Sunday, October 22, 2006


No cuts to the pay of bureaucrats, though; THEY are essential

Doctors and nurses are facing pay cuts as the Government struggles to resolve the hospital deficit crisis that has led to thousands of job losses. Nurses' unions accused the Department of Health of bullying after it insisted that medical staff should have a below-inflation pay rise to plug the hole in budgets, saying that patients would suffer otherwise.

The department said that doctors, nurses, midwives and dentists should get basic pay rises of 1.5 per cent next year, despite the NHS budget rising by 9 per cent.
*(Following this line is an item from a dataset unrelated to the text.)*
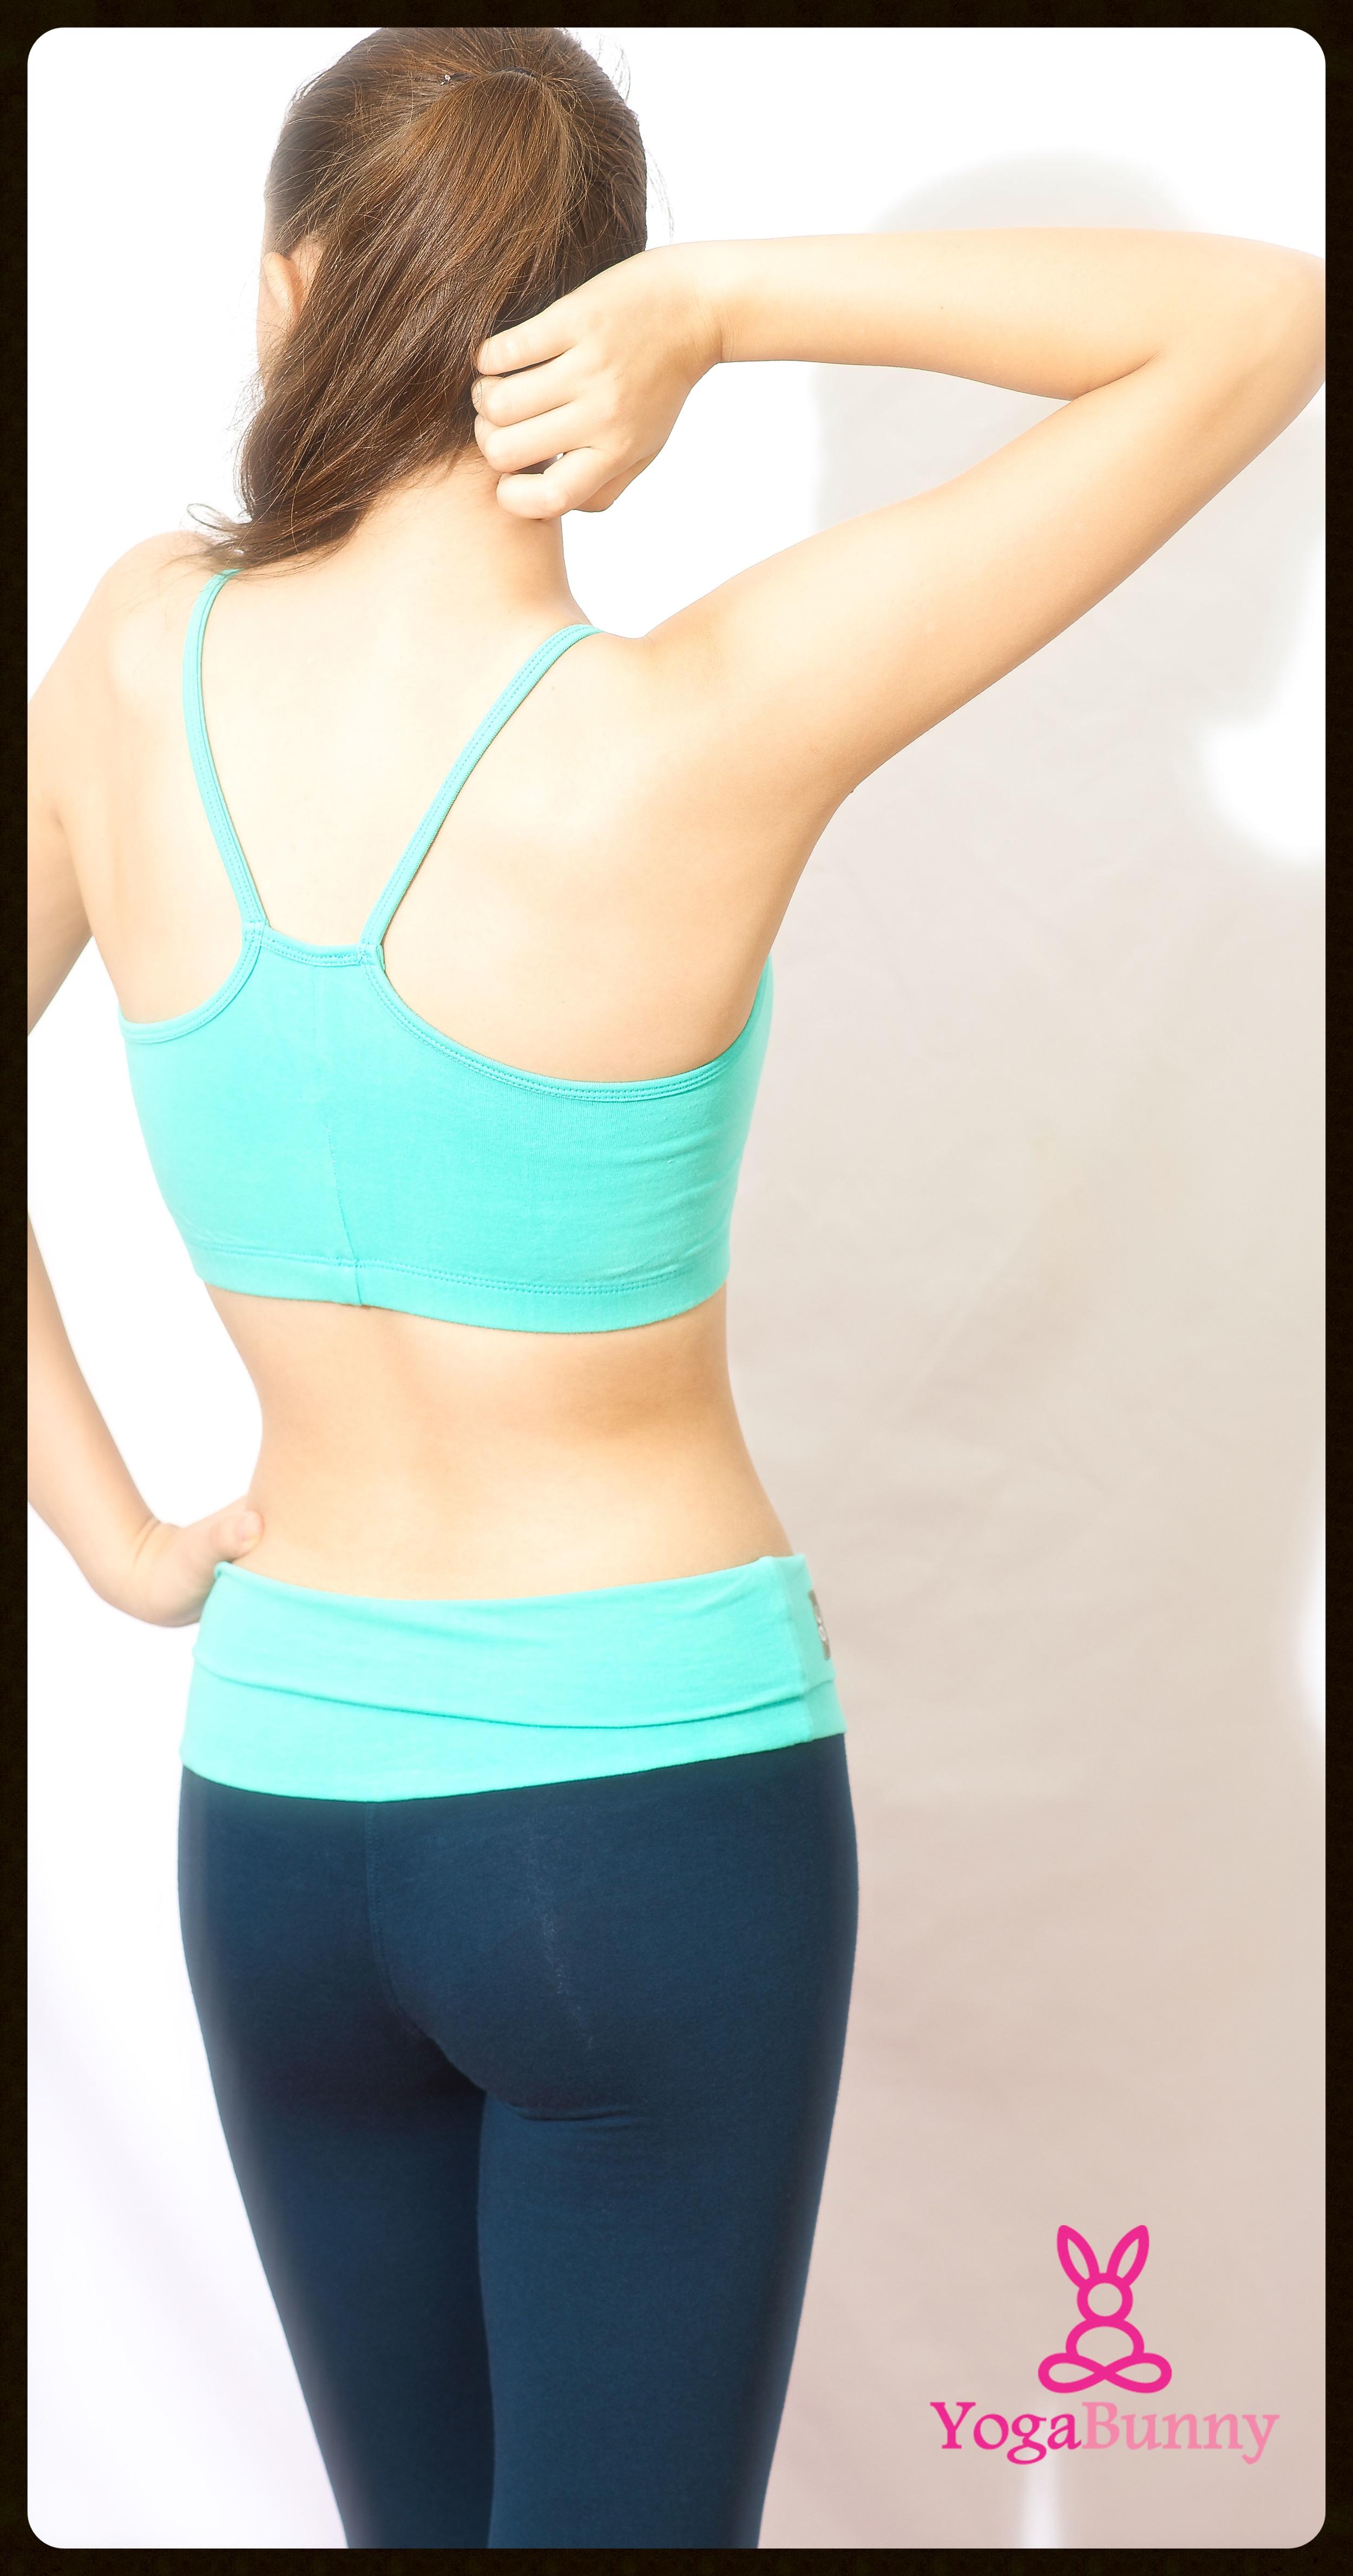 YogaBunny(Final)-14.jpg

The 1.5 per cent offer is less than half the rate of inflation, so in real terms pay rates would be cut.

In its evidence to the independent pay review boards, the department gave warning that without pay restraint the NHS would not be able to tackle its deficits, jobs would be cut and patient care would suffer. It said: "The NHS is facing a challenging financial period with the need to change a 512 million pound deficit in 2005-06 into lasting financial balance." The department added: "All NHS pay is met from the general NHS allocation; there is no separate funding for pay. Therefore, pay uplifts must be affordable, otherwise funding for patient services will suffer. If pay levels are too high, NHS employers may well need to reduce staff posts."
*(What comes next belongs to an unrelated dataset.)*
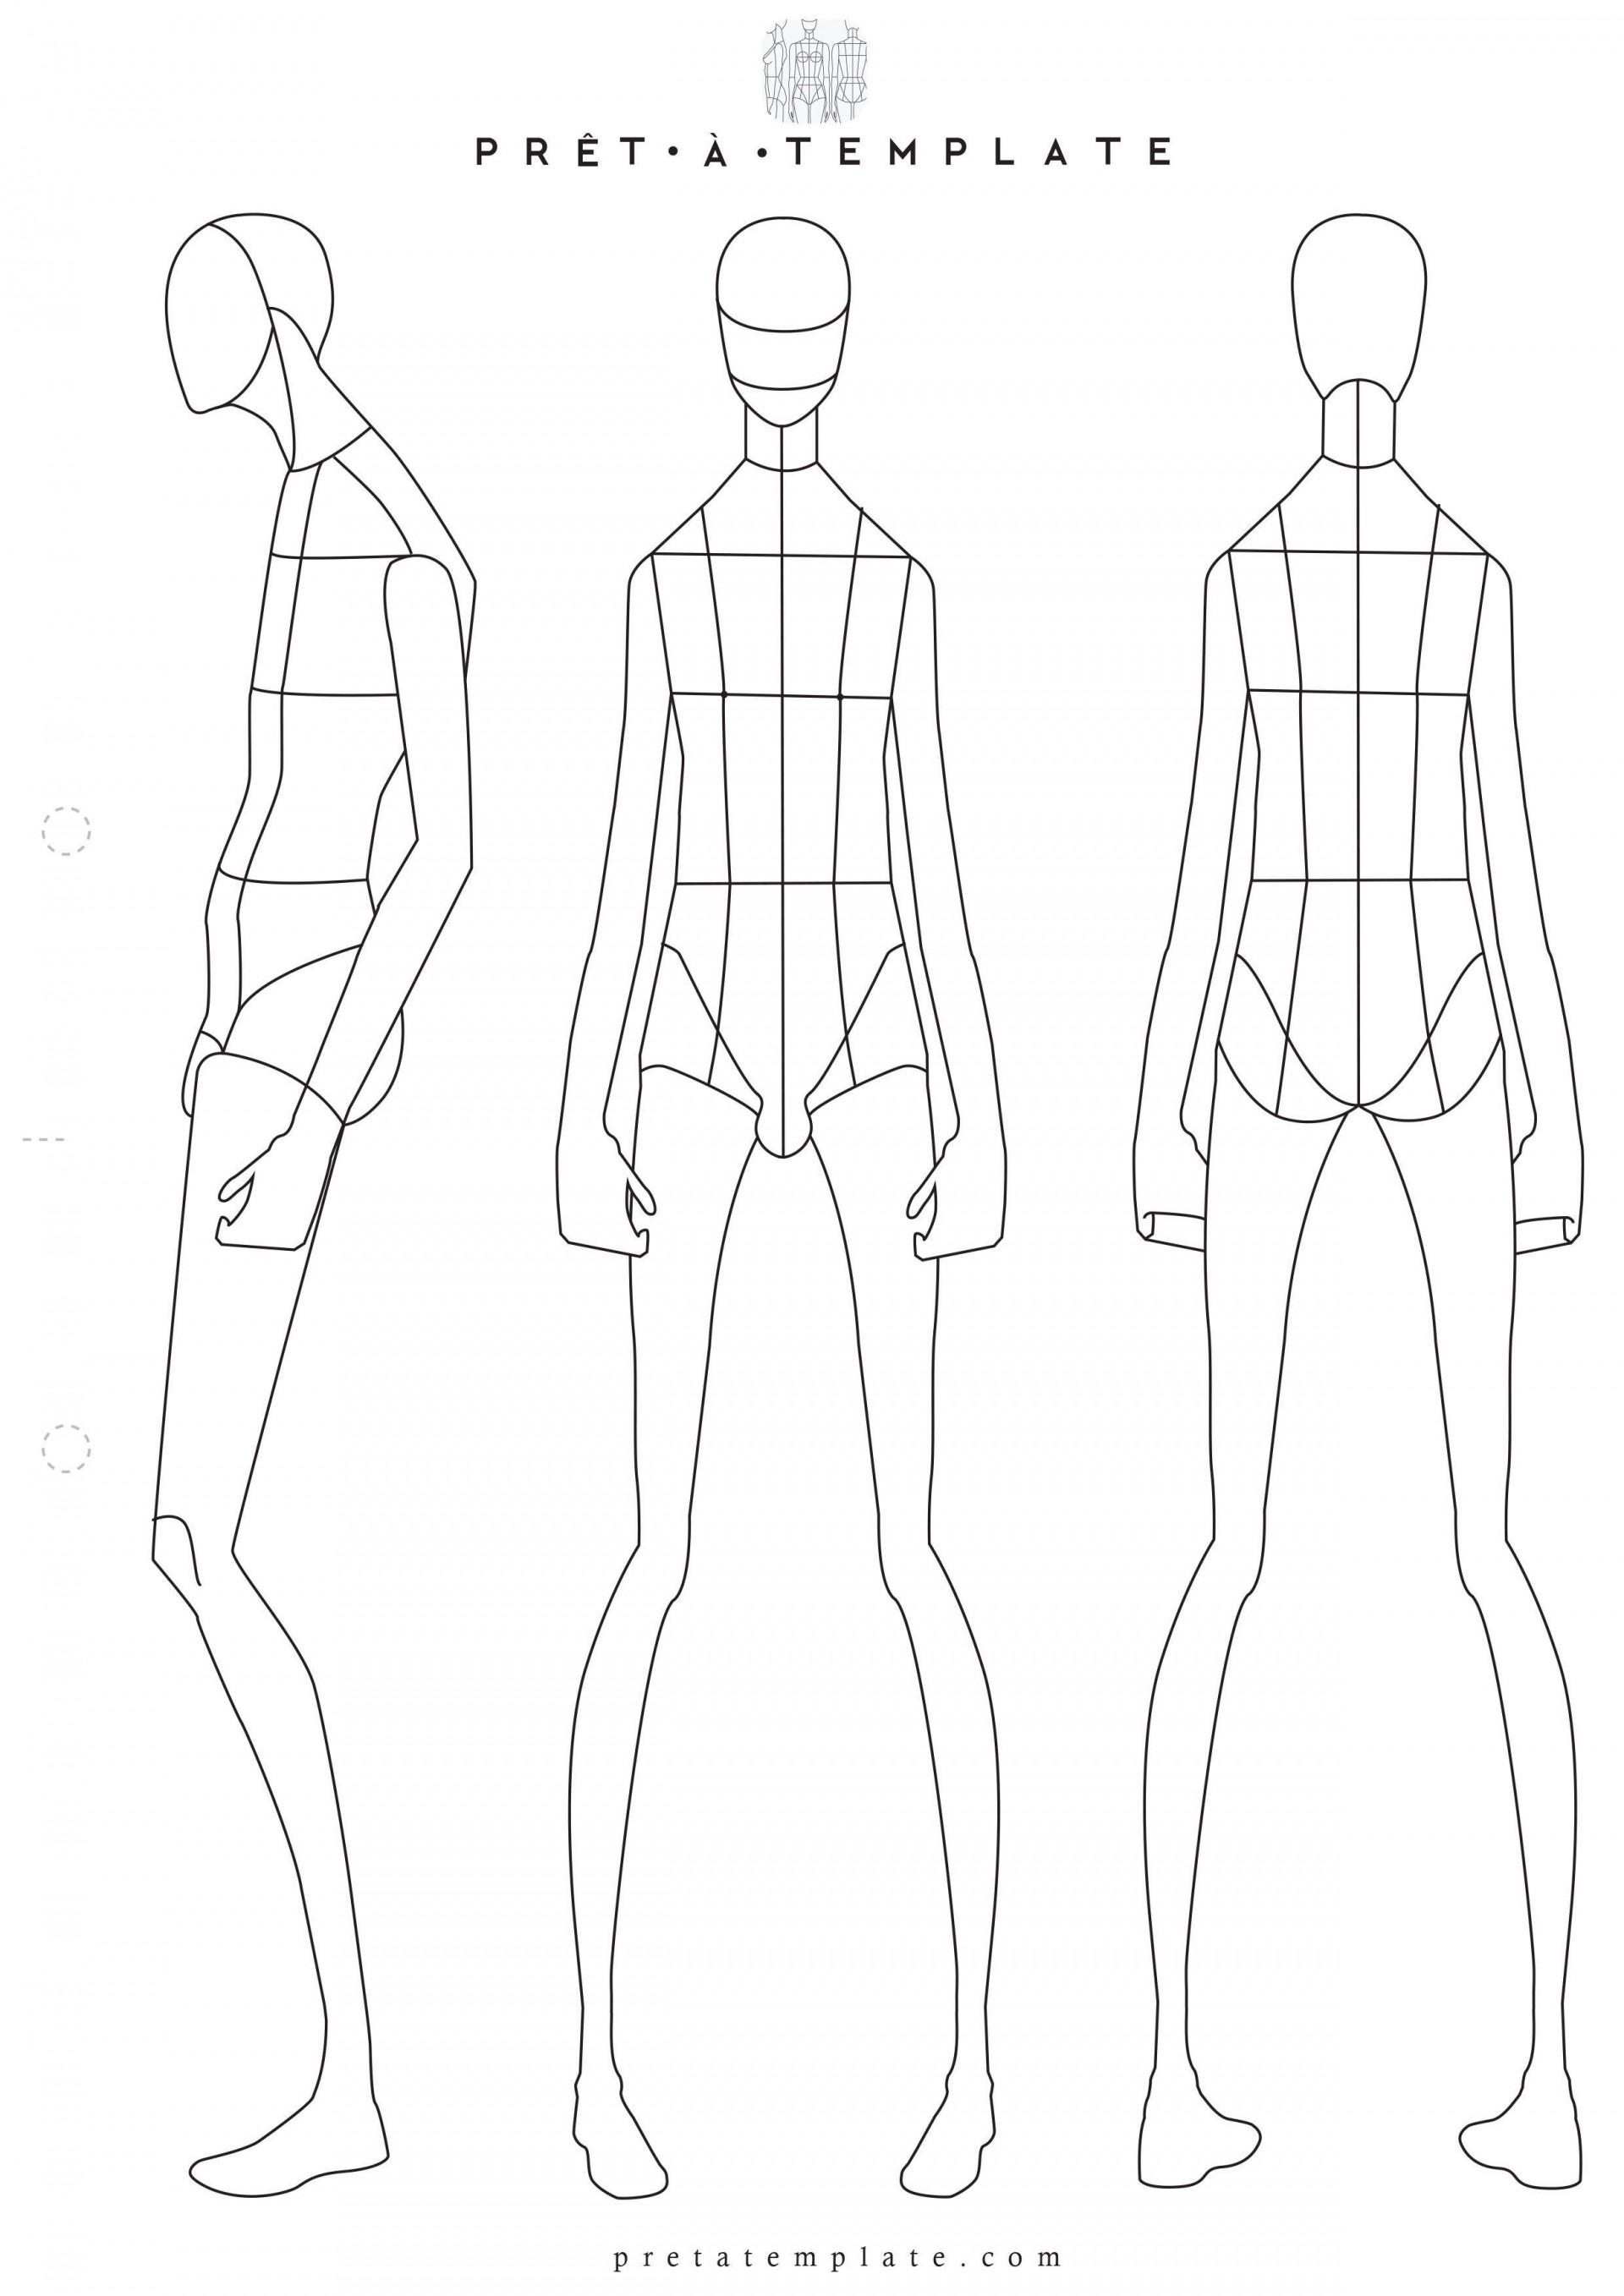 001 Sensational Body Template For Fashion Design High Definition  Female Male Human1920

Unions, which will present their claims on Tuesday, said that the Government was bullying them into accepting an offer that amounted to just 2p an hour for a newly qualified nurse. Karen Jennings, Unison's head of health, said: "It is outrageous to suggest that unless staff take what is effectively a pay cut, jobs will go and patients will suffer." Josie Irwin, head of employment at the Royal College of Nursing, said that the offer was derisory. "It is a slap in the face for the staff who have worked so hard under such intense pressure to deliver the Government's health reforms."

The Government faces the prospect of industrial action from Amicus, the union for health workers. Kevin Coyne, its national health officer, said: "Unless an improved [offer] is put on the table we will not hesitate to proceed to ballot for industrial action." The British Medical Association has already demanded a 4 per cent pay rise for doctors.

The Government dismissed claims that 1.5 per cent amounted to a pay cut because staff also got a rise for each year worked. Pay for some staff would be cut but the offer delivered a 4 per cent increase in average earnings "which compares with the average across the whole economy".

Andrew Lansley, the Shadow Health Secretary, said that Ms Hewitt was trying "to make NHS staff pay for the consequences of the Government's financial mismanagement and the 1.3 billion deficit from last year".



Cancer sufferers in England are to be denied a life-extending drug because the Government's drugs rationing watchdog has refused to fund treatment, it was claimed last night. The National Institute for Health and Clinical Excellence will announce next week that Velcade should not be offered on the NHS to treat multiple myeloma, a cancer of the bone marrow. A course of Velcade costs between 9,000 and 18,000 pounds and was approved for use in Scotland in 1994.

Cancer charities and victims of the disease criticised the decision by NICE, saying that it was the latest example of the watchdog trying to save the Government money by rejecting drugs that increase life expectancy. Since June, NICE has refused to endorse five treatments that would extend the lives of people with bowel cancer, leukaemia and breast cancer, as well as Alzheimer's disease.

Janice Wrigglesworth, 59, from Keighley, in West Yorkshire, has multiple myeloma. She condemend the decision as insanity. She said: "Are they saying a Scottish life is worth more than an English life? "They are effectively saying to people with incurable diseases, `sit down in a darkened room and die'."

NICE refused to comment on next week's announcement. However, a spokesman said: "NICE's expert advisers review all the evidence on cancer treatments to determine whether they add benefits for patients when compared to other treatments that are already available. "The benefits that we assess include whether a drug extends life, and whether a drug improves patients' quality of life." A Department of Health spokesman said that it could not comment until the guidance was published.



For greatest efficiency, lowest cost and maximum choice, ALL hospitals and health insurance schemes should be privately owned and run -- with government-paid vouchers for the very poor and minimal regulation. Both Australia and Sweden have large private sector health systems with government reimbursement for privately-provided services so can a purely private system with some level of government reimbursement or insurance for the poor be so hard to do?